**What needs to be done**
Please leave out pictures and print exactly the lines from the one that has "VALLEE DE LA" through the last line of the material below.

**Raw data**
☆ ☆ ☆
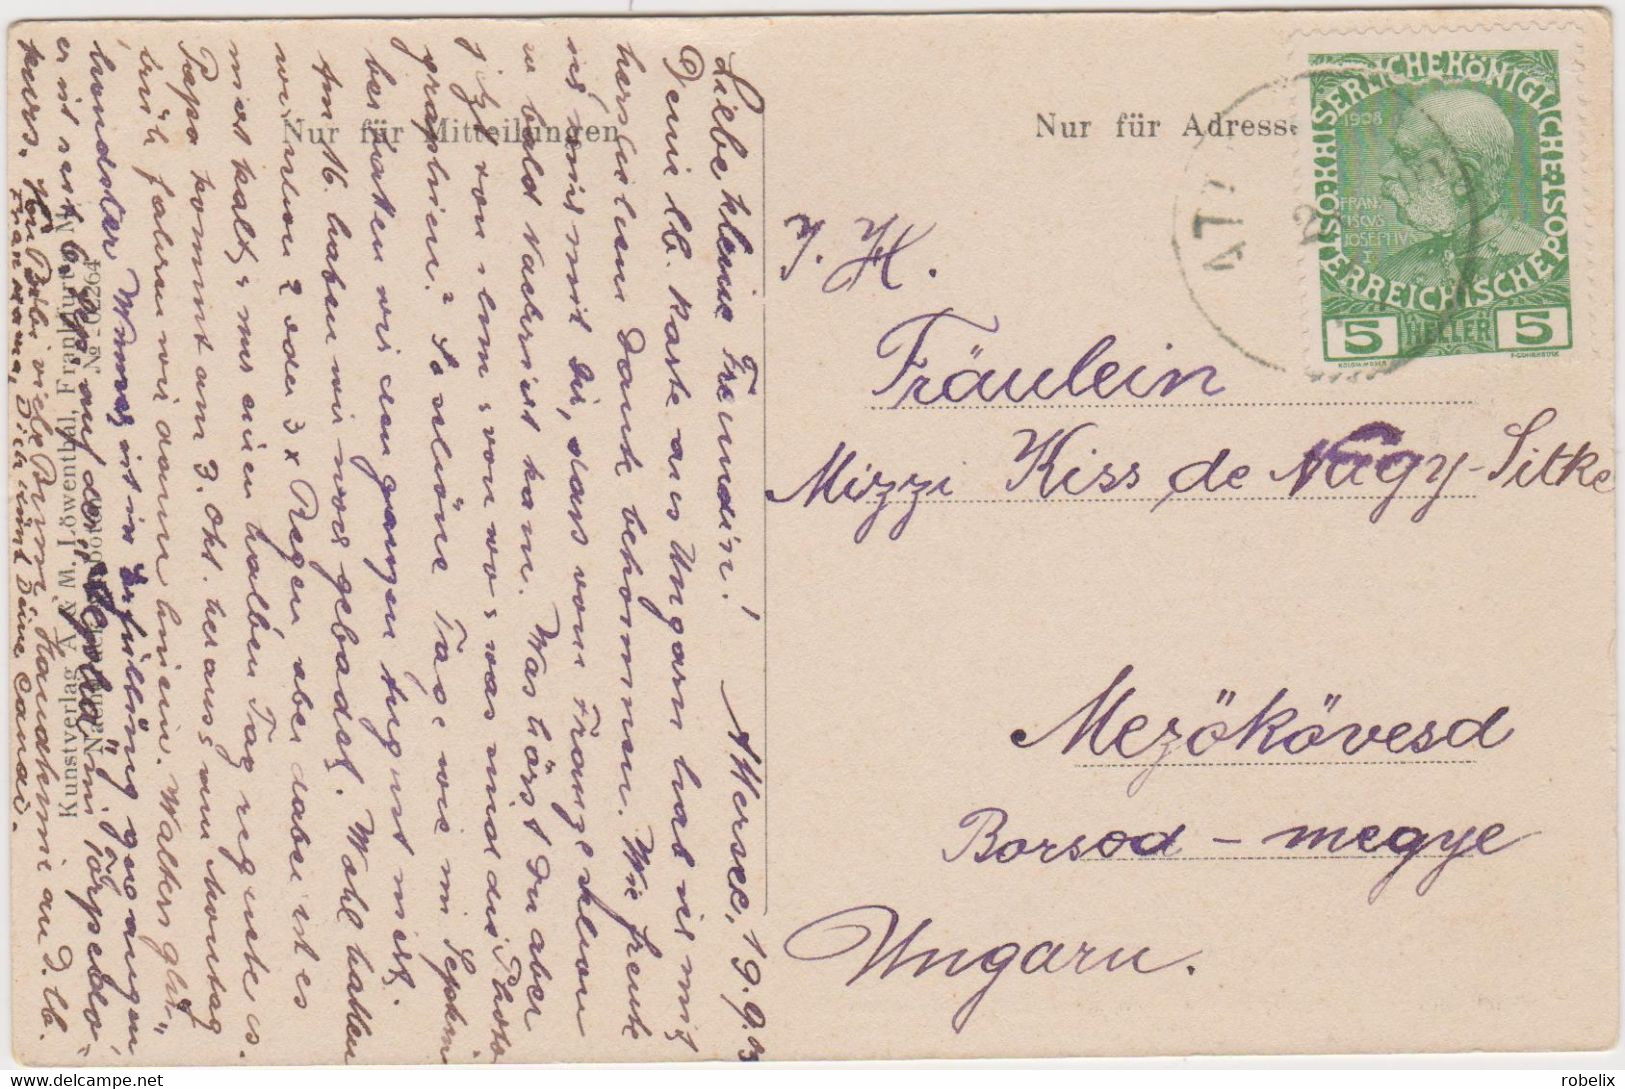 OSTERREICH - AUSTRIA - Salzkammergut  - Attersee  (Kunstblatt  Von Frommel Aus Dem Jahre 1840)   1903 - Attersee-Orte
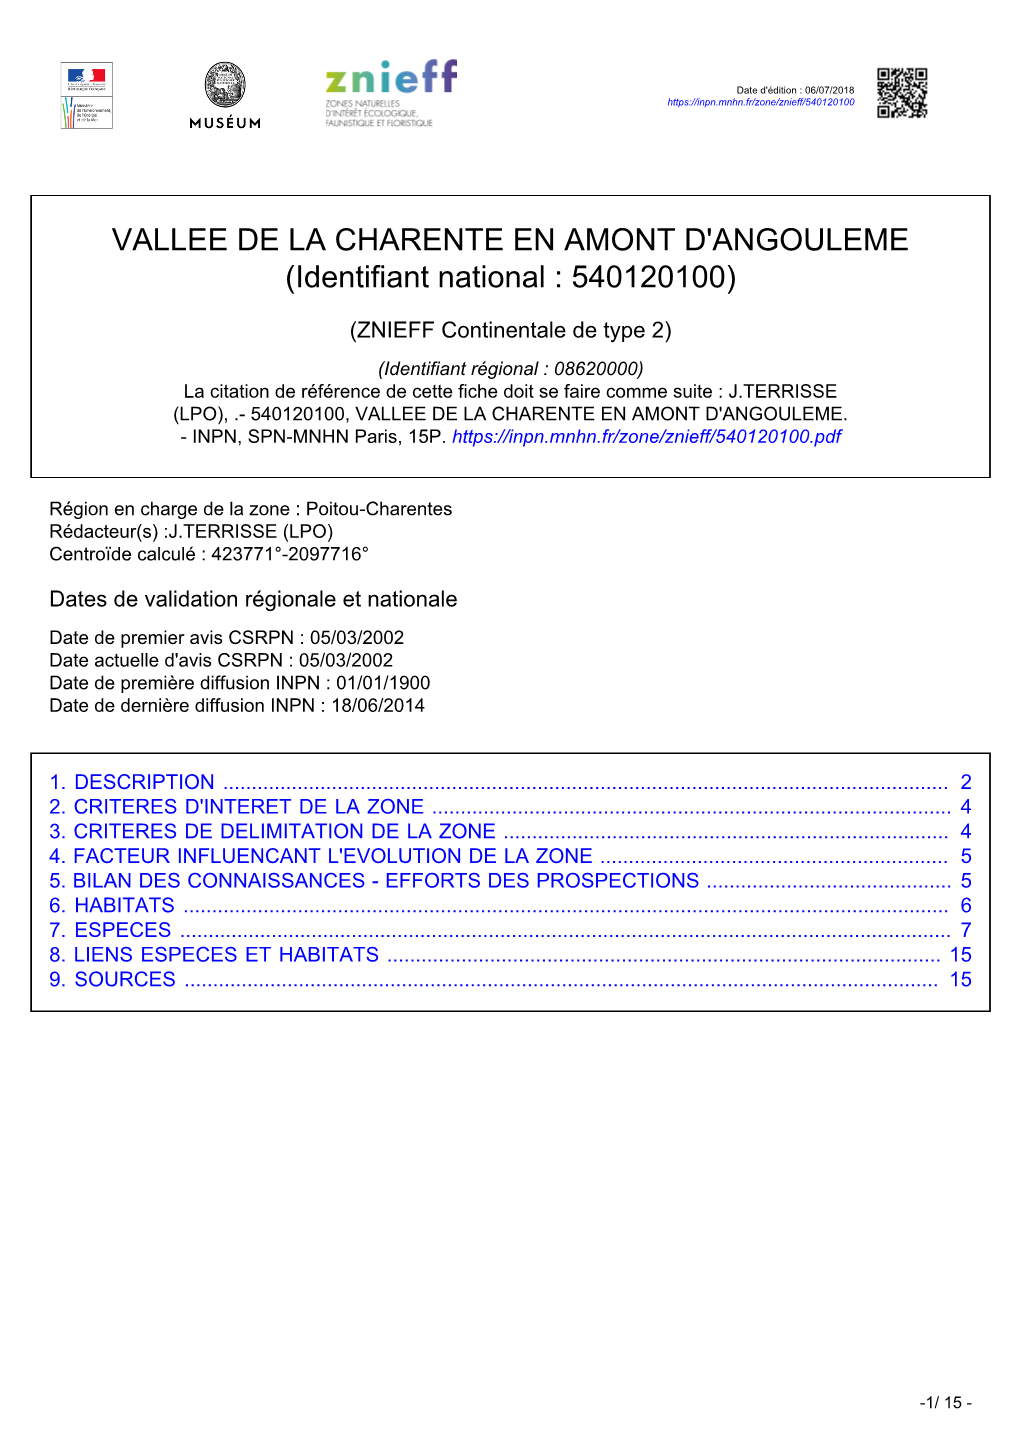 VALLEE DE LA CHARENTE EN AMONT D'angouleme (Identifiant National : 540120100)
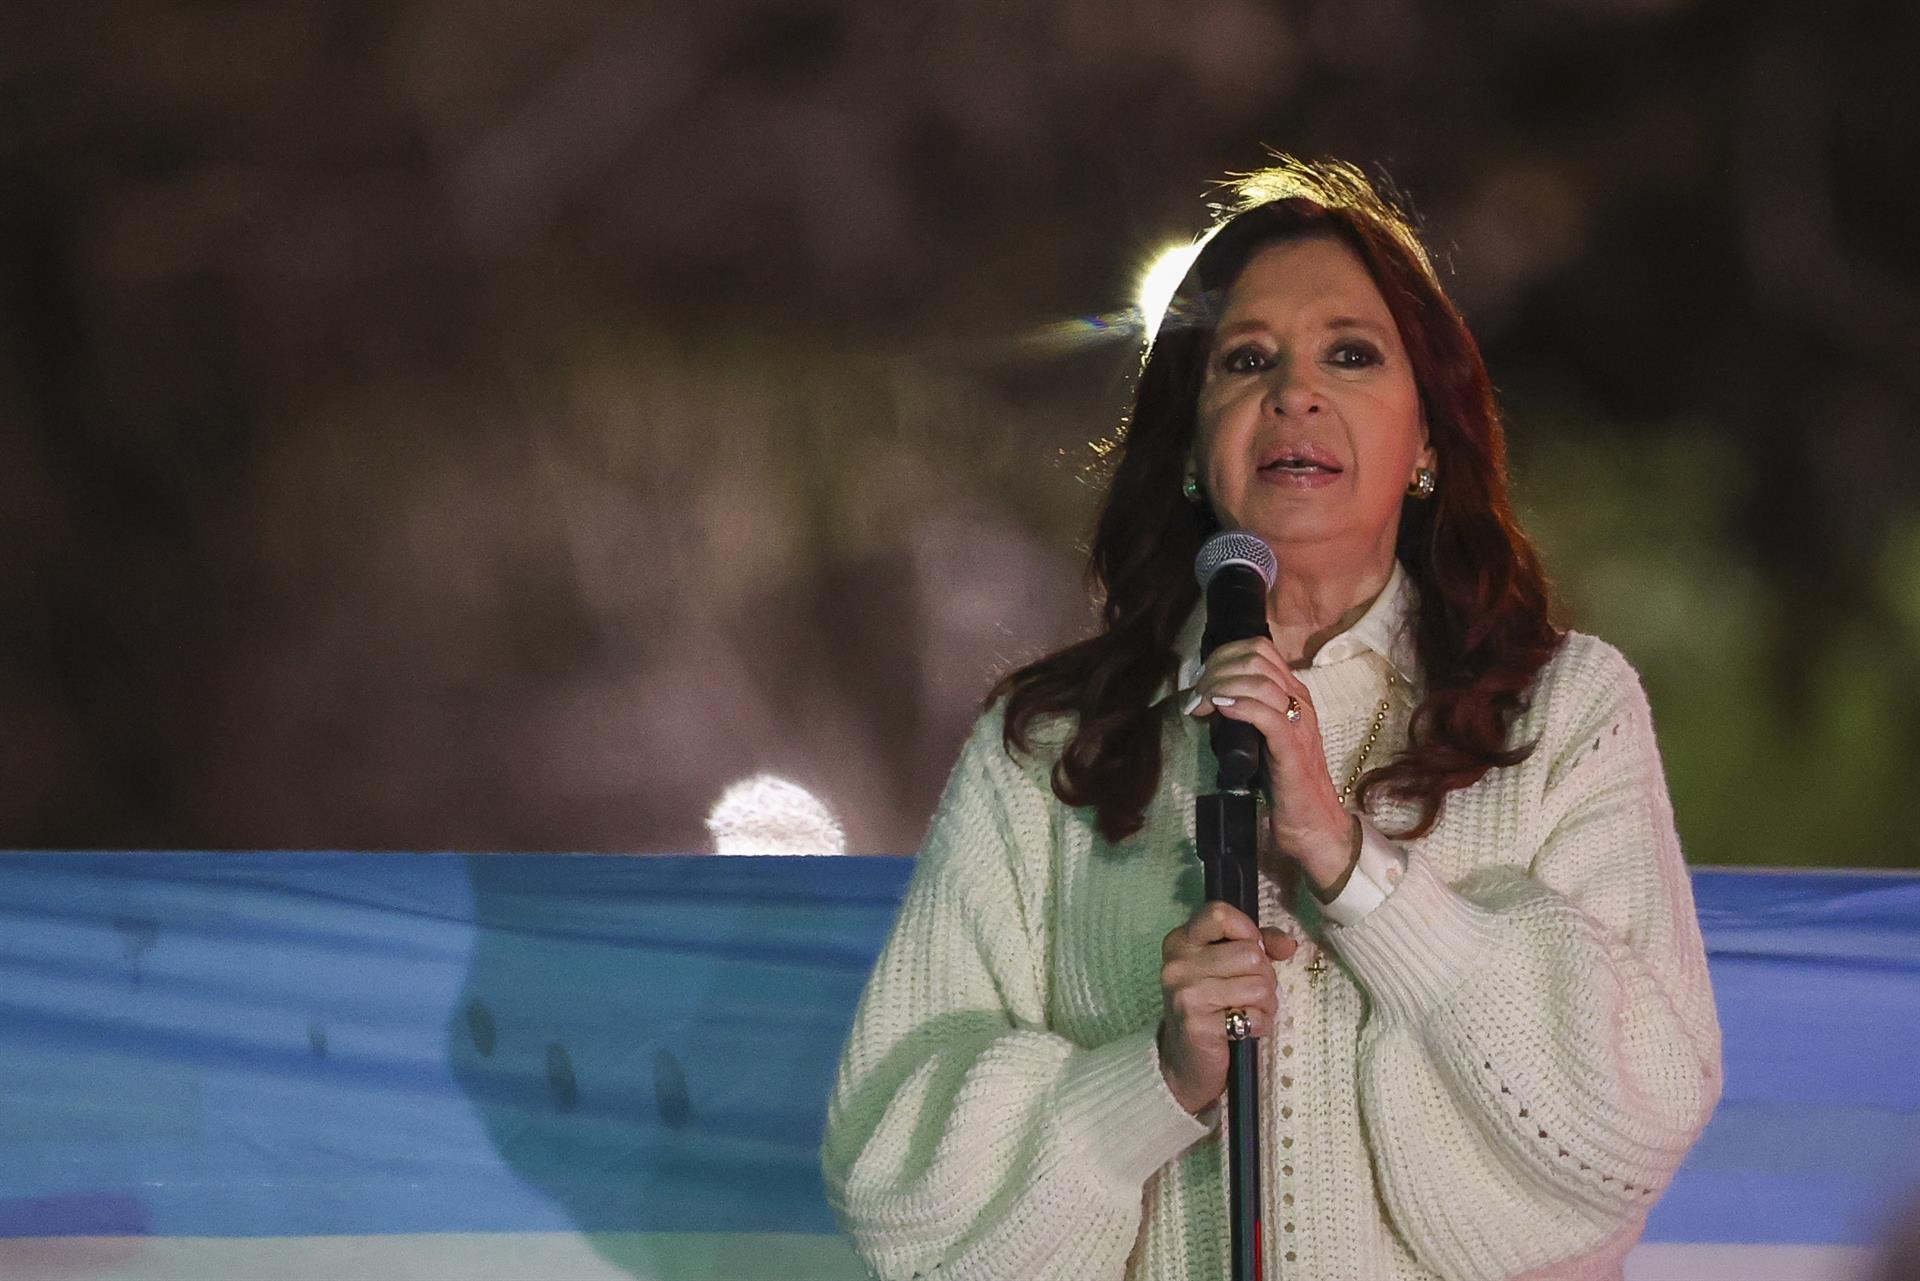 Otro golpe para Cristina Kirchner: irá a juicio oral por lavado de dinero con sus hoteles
☆ ☆ ☆
**Output of the task**
 VALLEE DE LA CHARENTE EN AMONT D'angouleme (Identifiant National : 540120100)
 Otro golpe para Cristina Kirchner: irá a juicio oral por lavado de dinero con sus hoteles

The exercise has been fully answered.